**TASK TO COMPLETE:** The records should be restated exactly from their first line through the line with "3d Art: Blue" in it.

--- START ---

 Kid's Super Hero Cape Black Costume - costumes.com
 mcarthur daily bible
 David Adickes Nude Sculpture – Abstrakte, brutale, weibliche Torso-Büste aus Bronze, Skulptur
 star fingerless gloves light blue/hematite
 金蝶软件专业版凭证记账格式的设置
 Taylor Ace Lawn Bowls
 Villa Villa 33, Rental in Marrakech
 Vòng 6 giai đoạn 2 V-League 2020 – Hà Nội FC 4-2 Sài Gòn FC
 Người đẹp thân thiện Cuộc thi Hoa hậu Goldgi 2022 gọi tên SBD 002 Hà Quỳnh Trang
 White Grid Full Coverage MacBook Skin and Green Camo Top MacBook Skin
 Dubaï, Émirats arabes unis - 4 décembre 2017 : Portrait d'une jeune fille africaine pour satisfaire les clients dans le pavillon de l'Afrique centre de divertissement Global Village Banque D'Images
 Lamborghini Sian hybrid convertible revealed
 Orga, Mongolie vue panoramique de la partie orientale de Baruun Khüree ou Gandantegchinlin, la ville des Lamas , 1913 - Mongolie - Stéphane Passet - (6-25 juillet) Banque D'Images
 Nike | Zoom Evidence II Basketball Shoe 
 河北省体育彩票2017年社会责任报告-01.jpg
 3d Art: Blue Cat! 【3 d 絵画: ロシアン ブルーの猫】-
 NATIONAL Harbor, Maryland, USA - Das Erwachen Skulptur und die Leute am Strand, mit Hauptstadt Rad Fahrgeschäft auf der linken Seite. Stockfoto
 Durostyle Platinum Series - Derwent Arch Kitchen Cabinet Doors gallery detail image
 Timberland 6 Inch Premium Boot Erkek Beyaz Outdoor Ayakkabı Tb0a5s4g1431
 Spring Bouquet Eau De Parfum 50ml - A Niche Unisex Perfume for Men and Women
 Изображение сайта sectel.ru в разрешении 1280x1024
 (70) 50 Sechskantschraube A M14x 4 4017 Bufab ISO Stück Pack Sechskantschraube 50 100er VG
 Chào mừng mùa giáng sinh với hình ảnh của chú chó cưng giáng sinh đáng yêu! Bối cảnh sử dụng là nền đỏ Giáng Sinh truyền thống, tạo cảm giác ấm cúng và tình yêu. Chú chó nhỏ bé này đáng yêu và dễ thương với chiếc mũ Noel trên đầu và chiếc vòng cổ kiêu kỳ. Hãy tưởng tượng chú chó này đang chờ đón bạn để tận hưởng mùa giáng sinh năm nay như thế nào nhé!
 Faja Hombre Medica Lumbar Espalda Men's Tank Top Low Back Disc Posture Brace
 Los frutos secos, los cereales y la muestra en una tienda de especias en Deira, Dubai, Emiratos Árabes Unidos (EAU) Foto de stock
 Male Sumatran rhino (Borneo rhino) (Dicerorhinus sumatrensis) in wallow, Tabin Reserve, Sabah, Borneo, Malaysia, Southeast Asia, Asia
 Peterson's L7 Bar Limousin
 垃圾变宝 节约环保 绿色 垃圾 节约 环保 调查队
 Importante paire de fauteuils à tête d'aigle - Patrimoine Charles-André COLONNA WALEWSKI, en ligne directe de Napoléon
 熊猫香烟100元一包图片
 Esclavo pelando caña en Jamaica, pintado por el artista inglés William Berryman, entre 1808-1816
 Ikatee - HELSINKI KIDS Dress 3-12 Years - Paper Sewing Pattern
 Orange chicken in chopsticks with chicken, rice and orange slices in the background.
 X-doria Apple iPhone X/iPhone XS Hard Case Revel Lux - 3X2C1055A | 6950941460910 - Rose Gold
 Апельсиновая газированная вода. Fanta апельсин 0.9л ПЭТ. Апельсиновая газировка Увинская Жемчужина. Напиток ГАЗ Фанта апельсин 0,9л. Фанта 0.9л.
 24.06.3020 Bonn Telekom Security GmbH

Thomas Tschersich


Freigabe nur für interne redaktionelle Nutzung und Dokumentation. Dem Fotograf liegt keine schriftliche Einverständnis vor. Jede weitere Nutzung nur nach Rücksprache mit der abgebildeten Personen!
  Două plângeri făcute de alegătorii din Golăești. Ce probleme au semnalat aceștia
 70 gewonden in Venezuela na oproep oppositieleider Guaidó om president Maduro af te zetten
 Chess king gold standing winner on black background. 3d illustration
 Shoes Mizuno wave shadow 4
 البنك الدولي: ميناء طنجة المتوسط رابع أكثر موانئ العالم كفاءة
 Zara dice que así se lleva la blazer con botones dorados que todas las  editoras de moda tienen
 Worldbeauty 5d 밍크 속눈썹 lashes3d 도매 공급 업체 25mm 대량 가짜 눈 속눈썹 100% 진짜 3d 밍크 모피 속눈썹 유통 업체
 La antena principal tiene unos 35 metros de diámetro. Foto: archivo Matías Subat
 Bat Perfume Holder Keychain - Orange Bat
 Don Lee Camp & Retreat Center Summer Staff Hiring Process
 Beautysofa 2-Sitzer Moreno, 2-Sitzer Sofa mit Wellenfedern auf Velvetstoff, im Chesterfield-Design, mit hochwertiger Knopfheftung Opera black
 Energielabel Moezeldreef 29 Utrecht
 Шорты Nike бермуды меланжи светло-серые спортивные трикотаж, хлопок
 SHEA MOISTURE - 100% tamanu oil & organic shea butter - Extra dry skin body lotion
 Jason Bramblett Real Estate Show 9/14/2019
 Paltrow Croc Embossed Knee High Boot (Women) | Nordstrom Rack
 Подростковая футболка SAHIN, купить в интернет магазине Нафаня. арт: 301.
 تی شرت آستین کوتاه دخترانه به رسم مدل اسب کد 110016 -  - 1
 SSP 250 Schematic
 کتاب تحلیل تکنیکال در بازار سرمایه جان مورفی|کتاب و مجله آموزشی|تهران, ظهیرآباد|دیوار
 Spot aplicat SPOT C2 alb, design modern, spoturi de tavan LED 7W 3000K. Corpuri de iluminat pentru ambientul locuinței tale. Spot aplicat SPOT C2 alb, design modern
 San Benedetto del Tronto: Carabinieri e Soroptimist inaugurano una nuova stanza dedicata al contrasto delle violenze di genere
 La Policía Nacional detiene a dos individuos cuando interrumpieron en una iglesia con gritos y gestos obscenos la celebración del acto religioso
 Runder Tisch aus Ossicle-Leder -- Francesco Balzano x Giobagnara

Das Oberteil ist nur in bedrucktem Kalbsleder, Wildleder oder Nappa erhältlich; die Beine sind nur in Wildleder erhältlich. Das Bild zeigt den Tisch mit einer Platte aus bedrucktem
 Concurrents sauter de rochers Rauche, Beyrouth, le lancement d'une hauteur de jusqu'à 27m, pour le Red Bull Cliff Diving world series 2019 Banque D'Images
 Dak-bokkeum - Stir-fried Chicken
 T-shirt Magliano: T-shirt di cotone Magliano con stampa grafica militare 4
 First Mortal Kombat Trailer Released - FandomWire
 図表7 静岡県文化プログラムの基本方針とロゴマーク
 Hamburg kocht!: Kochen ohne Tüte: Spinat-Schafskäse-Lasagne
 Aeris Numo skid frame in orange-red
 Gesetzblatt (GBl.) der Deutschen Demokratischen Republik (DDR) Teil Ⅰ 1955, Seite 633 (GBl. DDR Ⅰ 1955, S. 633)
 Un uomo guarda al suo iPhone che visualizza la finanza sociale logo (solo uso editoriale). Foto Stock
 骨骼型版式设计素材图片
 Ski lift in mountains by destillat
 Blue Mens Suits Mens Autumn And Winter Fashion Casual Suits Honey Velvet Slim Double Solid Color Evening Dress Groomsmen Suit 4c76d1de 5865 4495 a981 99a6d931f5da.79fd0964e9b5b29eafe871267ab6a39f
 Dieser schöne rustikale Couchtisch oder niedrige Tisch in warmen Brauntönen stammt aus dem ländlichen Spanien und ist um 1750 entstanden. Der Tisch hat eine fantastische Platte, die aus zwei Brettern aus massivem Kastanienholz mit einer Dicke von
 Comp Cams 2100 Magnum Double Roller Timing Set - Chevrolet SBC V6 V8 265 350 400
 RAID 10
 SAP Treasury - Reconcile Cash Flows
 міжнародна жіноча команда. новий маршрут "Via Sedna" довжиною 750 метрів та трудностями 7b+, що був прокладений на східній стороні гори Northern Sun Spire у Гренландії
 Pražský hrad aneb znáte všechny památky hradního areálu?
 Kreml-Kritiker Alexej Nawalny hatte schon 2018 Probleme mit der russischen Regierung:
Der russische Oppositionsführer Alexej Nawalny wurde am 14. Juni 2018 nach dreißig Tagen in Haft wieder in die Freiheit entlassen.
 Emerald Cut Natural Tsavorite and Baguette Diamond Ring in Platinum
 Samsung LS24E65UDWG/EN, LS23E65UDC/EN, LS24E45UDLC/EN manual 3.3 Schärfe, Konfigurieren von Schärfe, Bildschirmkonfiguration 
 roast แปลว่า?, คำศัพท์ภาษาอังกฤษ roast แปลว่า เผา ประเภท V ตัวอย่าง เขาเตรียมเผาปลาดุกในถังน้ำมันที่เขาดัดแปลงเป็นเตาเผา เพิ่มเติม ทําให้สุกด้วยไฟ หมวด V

--- END ---

**RESULT OF THE TASK:**
 Kid's Super Hero Cape Black Costume - costumes.com
 mcarthur daily bible
 David Adickes Nude Sculpture – Abstrakte, brutale, weibliche Torso-Büste aus Bronze, Skulptur
 star fingerless gloves light blue/hematite
 金蝶软件专业版凭证记账格式的设置
 Taylor Ace Lawn Bowls
 Villa Villa 33, Rental in Marrakech
 Vòng 6 giai đoạn 2 V-League 2020 – Hà Nội FC 4-2 Sài Gòn FC
 Người đẹp thân thiện Cuộc thi Hoa hậu Goldgi 2022 gọi tên SBD 002 Hà Quỳnh Trang
 White Grid Full Coverage MacBook Skin and Green Camo Top MacBook Skin
 Dubaï, Émirats arabes unis - 4 décembre 2017 : Portrait d'une jeune fille africaine pour satisfaire les clients dans le pavillon de l'Afrique centre de divertissement Global Village Banque D'Images
 Lamborghini Sian hybrid convertible revealed
 Orga, Mongolie vue panoramique de la partie orientale de Baruun Khüree ou Gandantegchinlin, la ville des Lamas , 1913 - Mongolie - Stéphane Passet - (6-25 juillet) Banque D'Images
 Nike | Zoom Evidence II Basketball Shoe 
 河北省体育彩票2017年社会责任报告-01.jpg
 3d Art: Blue Cat! 【3 d 絵画: ロシアン ブルーの猫】-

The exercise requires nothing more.